Buying Just Enough Time for Your Home with a Chapter 7 Straight Bankruptcy
What if you are under threat of foreclosure, don’t want to keep your house, but just need a little more time to find another place to live? Or if you just need to finish a pending sale before the scheduled foreclosure happens?
Or maybe you don’t want or need the extra benefits of Chapter 13. Or you just want to put it all behind you in a few months instead of going through a 3-to-5 year Chapter 13 Plan. A Chapter 7 “straight” bankruptcy may give you just the right amount of help.
A Chapter 7 case:
1. Stops a pending foreclosure sale, at least temporarily. Depending on your situation, and the aggressiveness of the mortgage lender, it may buy you an extra few weeks or an extra few months. Chapter 7 does give you much less control over the situation than a Chapter 13, but the extra time it gives you may be enough in your particular situation.

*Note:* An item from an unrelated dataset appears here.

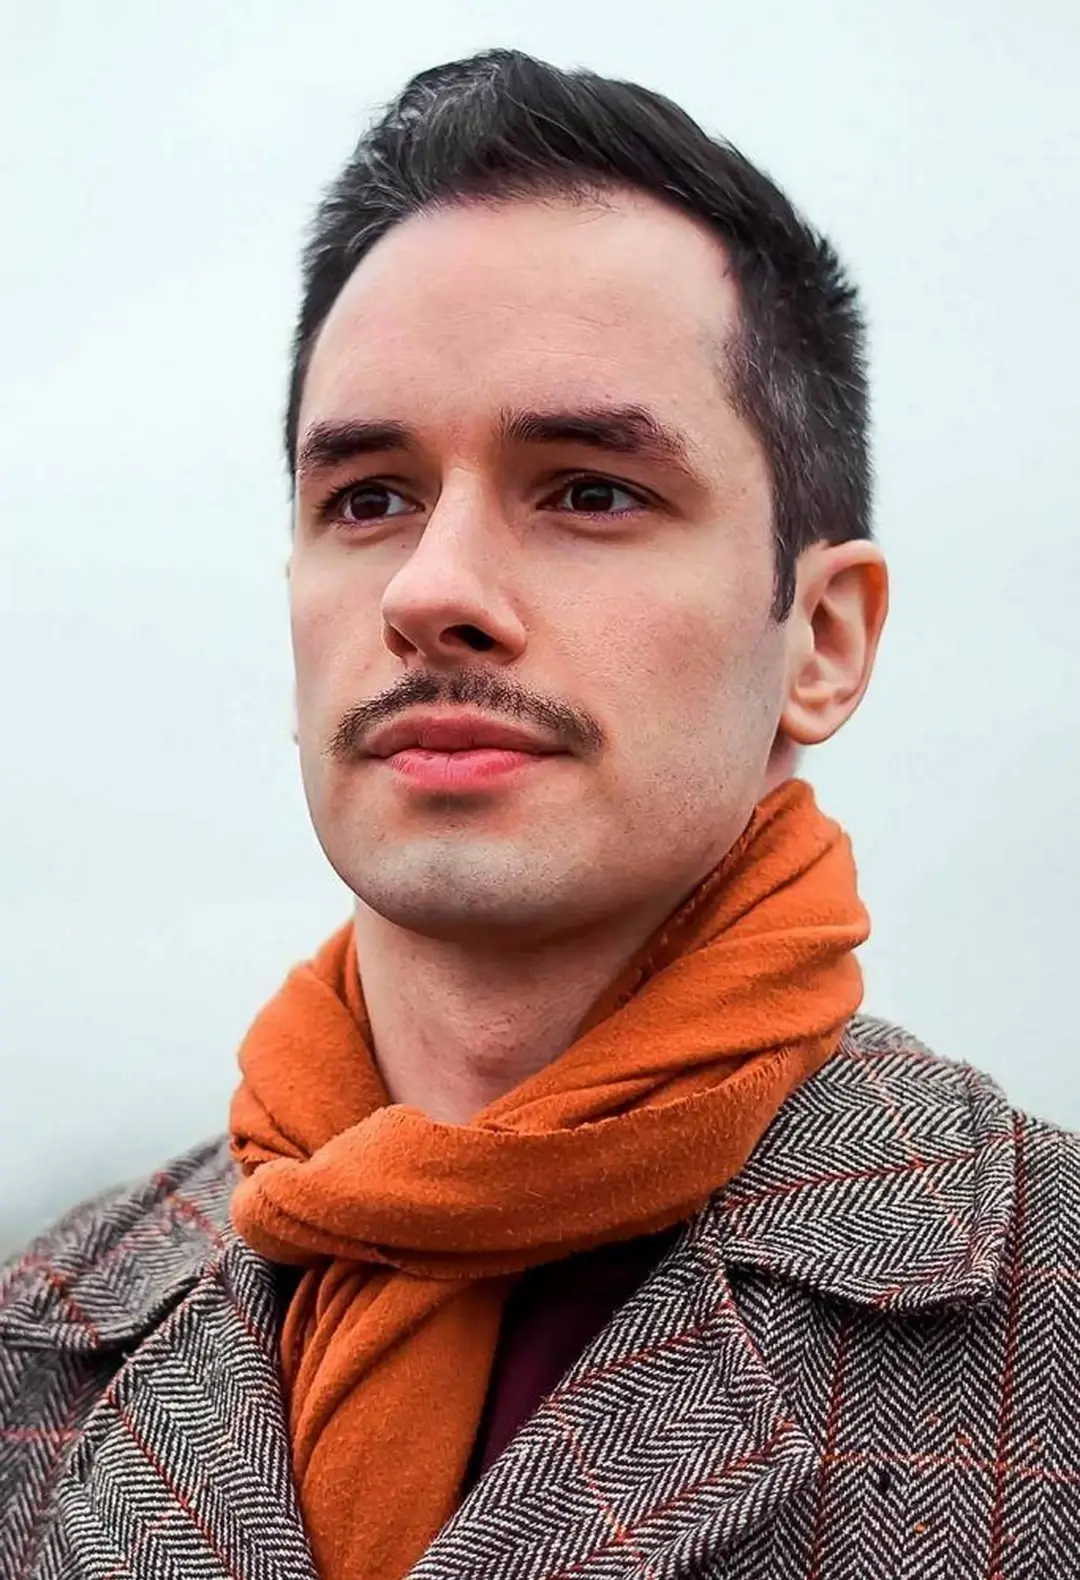 Men's Pencil Mustache with Short Hair from Fifth Ave Barber Shop in Midtown NYC

2. It temporarily stops not just foreclosures by your mortgage company, but also by other creditors. This includes foreclosures for unpaid property taxes, homeowner assessments, or judgment lien creditors.
3. Prevents, at least briefly, most kinds of liens from attaching to your house, such as income tax liens, or judgment liens by creditors who have sued you and have not yet gotten a judgment.
So if you have a pending sale of a house which has less equity than your allowed homestead exemption, and need to buy enough time to close the sale before the foreclosure or before a new lien eats into your equity, and need to file some kind of bankruptcy to deal with your debts, filing Chapter 7 may be your best option. Or if you have resigned to losing your house but need to postpone the foreclosure to give you time to save money for rental and moving costs, again Chapter 7 could well be the best tool for you.
Because the amount of time a Chapter 7 will gain for you depends a great deal on the facts of your case, the anticipated actions of your creditors, and sometimes the behavior of your Chapter 7 trustee, be sure to discuss this thoroughly with your bankruptcy attorney. Find out if the comparatively modest help a straight bankruptcy provides is enough help for you.